Melaka
Melaka, on pourrait le dire ainsi. D'abord, les Chinois sont arrivés, puis les Portugais, ensuite les Hollandais, puis les Anglais, et un jour, les Japonais aussi, et maintenant...


Publié: 14.01.2020
Tanah Rata – Hauts de Cameroun
Je me suis remis en route. Mon but était de trouver un peu de fraîcheur, des montagnes et de la nature. Tout cela m’attendait là-haut dans les Hauts de Cameroun.
Mais d'abord, le bus s'est arrêté à Ipoh, une petite ville où l’étain était autrefois extrait.
Lorsque j'atteignis l'auberge locale, il ne me restait malheureusement que peu de temps avant la tombée de la nuit pour me promener. Une photo ici, une photo là, je pense cependant que ce n’est pas un endroit fait pour l’éternité.

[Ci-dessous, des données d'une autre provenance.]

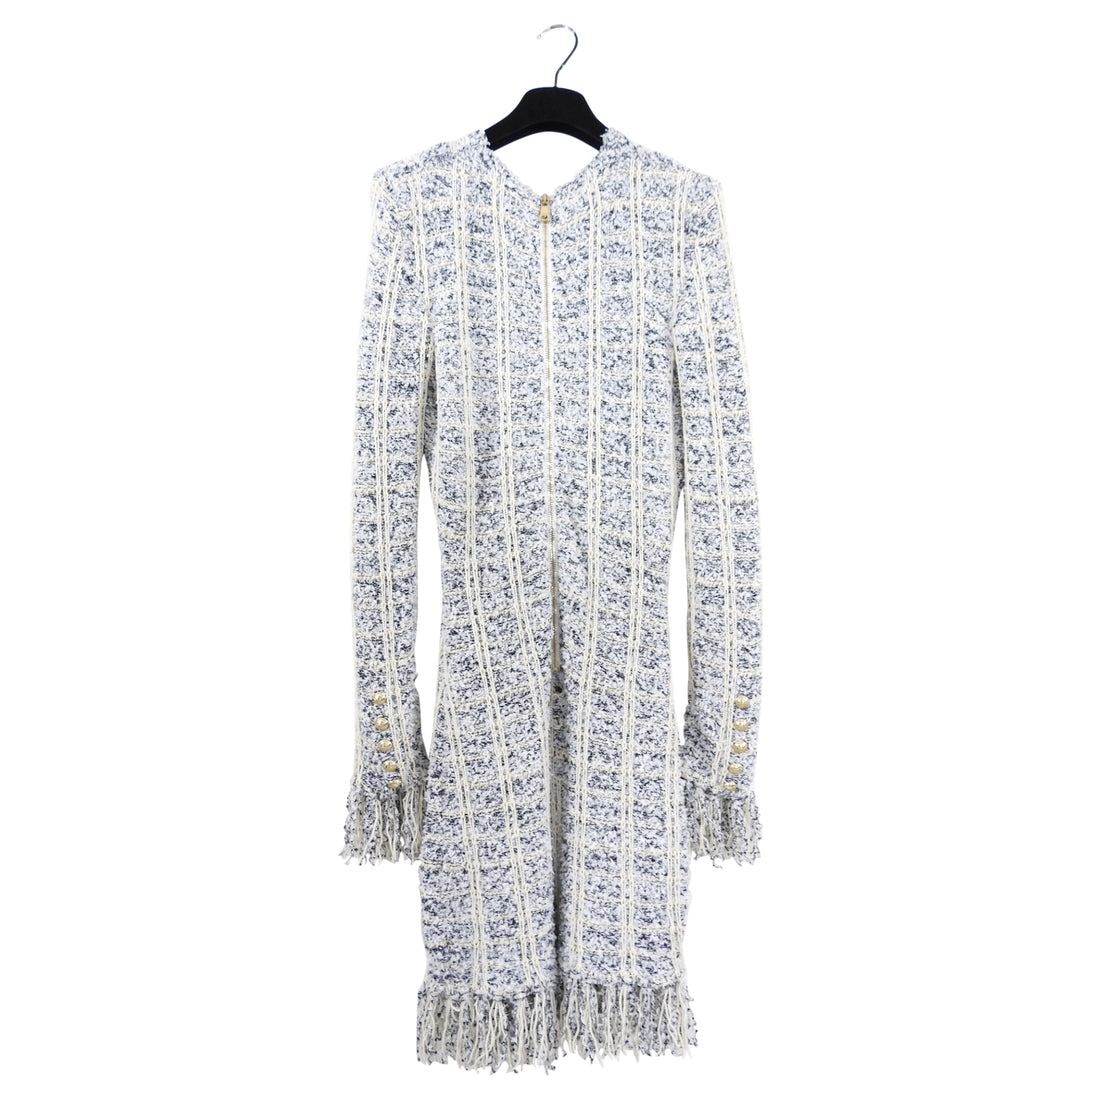 Balmain Ivory White Black Fringe Knit Tweed Dress with Gold Buttons - 6
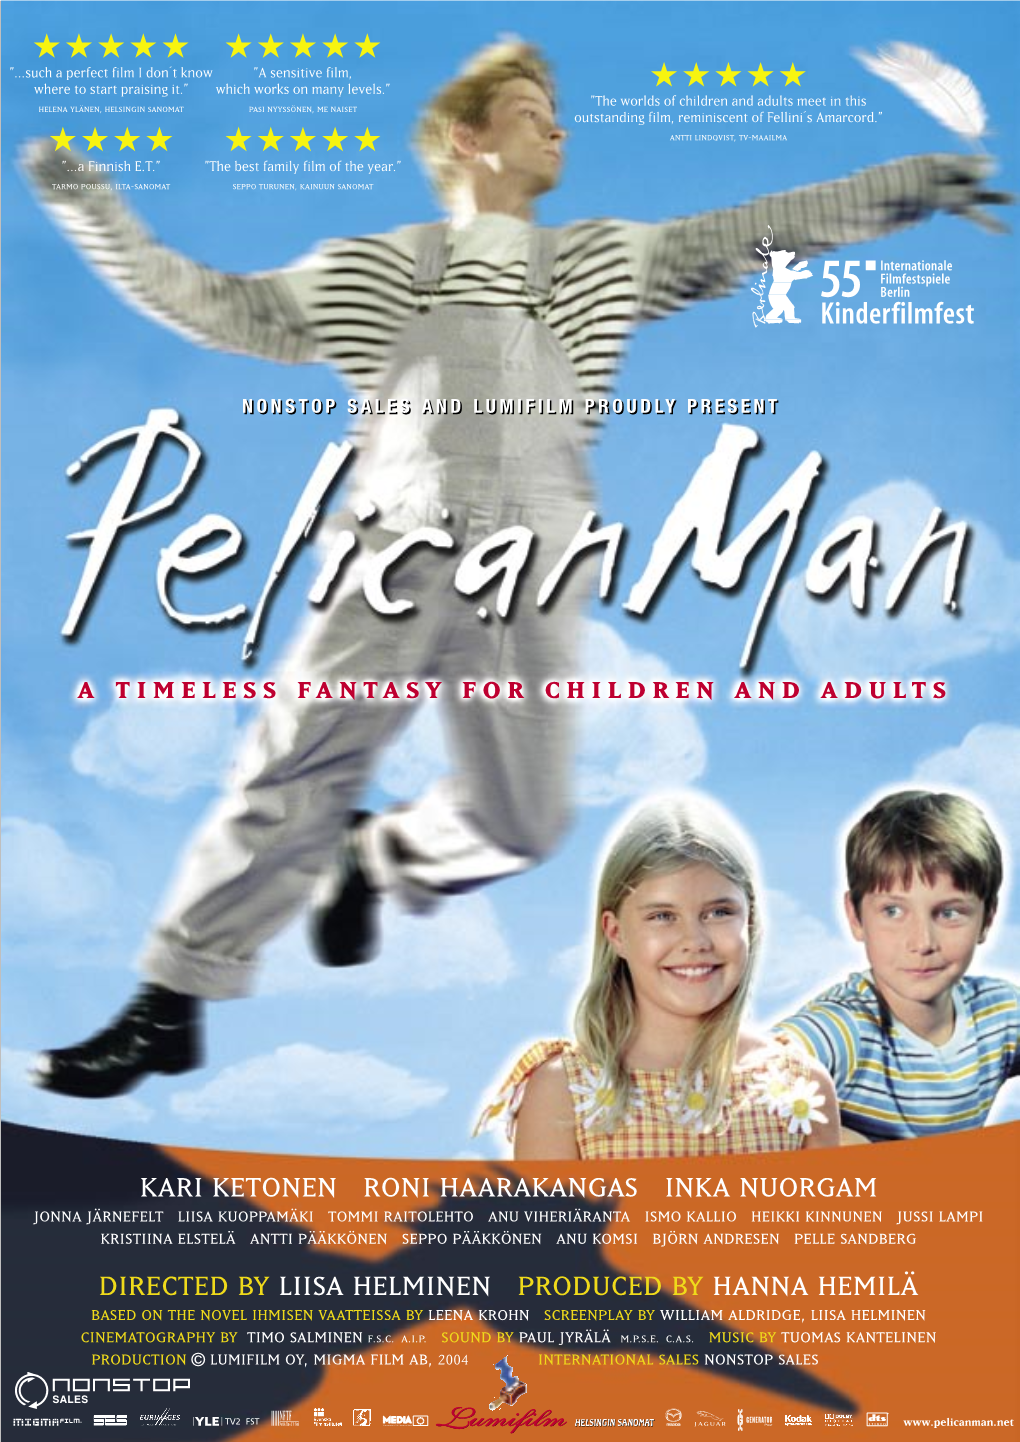 The Pelicanman Flyer 210X297.Indd

Après que le soleil se soit rapidement éclipsé, je me suis dépêché de trouver un centre de restauration rapide (hawker centre) et j'ai savouré une délicieuse soupe. Pour faire simple, ces centres de restauration se trouvent en réalité dans chaque ville du pays. La raison de leur visite est très simple : la nourriture !
Là, on trouve de nombreux stands de nourriture où il suffit de commander son plat en montrant des images (pour simplifier) et celui-ci est rapidement livré à la table indiquée. C’est seulement là que l’on paie et qu’on savoure finalement.
Une forte pluie soudaine m'a alors poussé à retourner rapidement à l'auberge.
Le lendemain matin, je suis immédiatement monté plus haut vers Tanah Rata. Pour commencer, l'air frais ici est indéniablement invitant. L'endroit lui-même est plutôt désolant. L'activité principale ici est clairement la randonnée dans les forêts tropicales environnantes et les montagnes. C’est exactement ce que j’ai fait le jour suivant. Bien qu'il y ait également des excursions proposées partout, je n'avais pas vraiment envie de visiter des plantations de thé (déjà vues) ni d'assister à des spectacles de shopping (inclus). D'autant plus que les sentiers de randonnée sont tous numérotés et décrits, avec des panneaux qui les signalent. Mon premier choix devait être le chemin 8, mais je l’ai rapidement abandonné. Il se dit que des chiens sauvages traînent dans la zone initiale, qui, bien qu'ils ne mordent pas, aboient très fort, et j'ai pu l’entendre de loin. J'étais bien sûr content d'avoir choisi le chemin numéro 7 qui menait au « Gunung Beremban » à 1812 m d'altitude. Ça montait continuellement à travers une belle jungle presque envahie par la végétation.
Je ne rencontrai presque personne, juste quelques habitants tout en haut qui m'invitèrent tout de suite à un pique-nique. La descente se fit par les chemins 3 et 6, avec pour but un waterfall qui, hélas, n'en valait pas réellement la peine, étant donné qu'il était très sale et rempli d’ordures.
Le soir, je suis allé au marché nocturne qui s'est heureusement tenu ce jour-là. Ici, on pouvait à nouveau se régaler comme au pays des merveilles.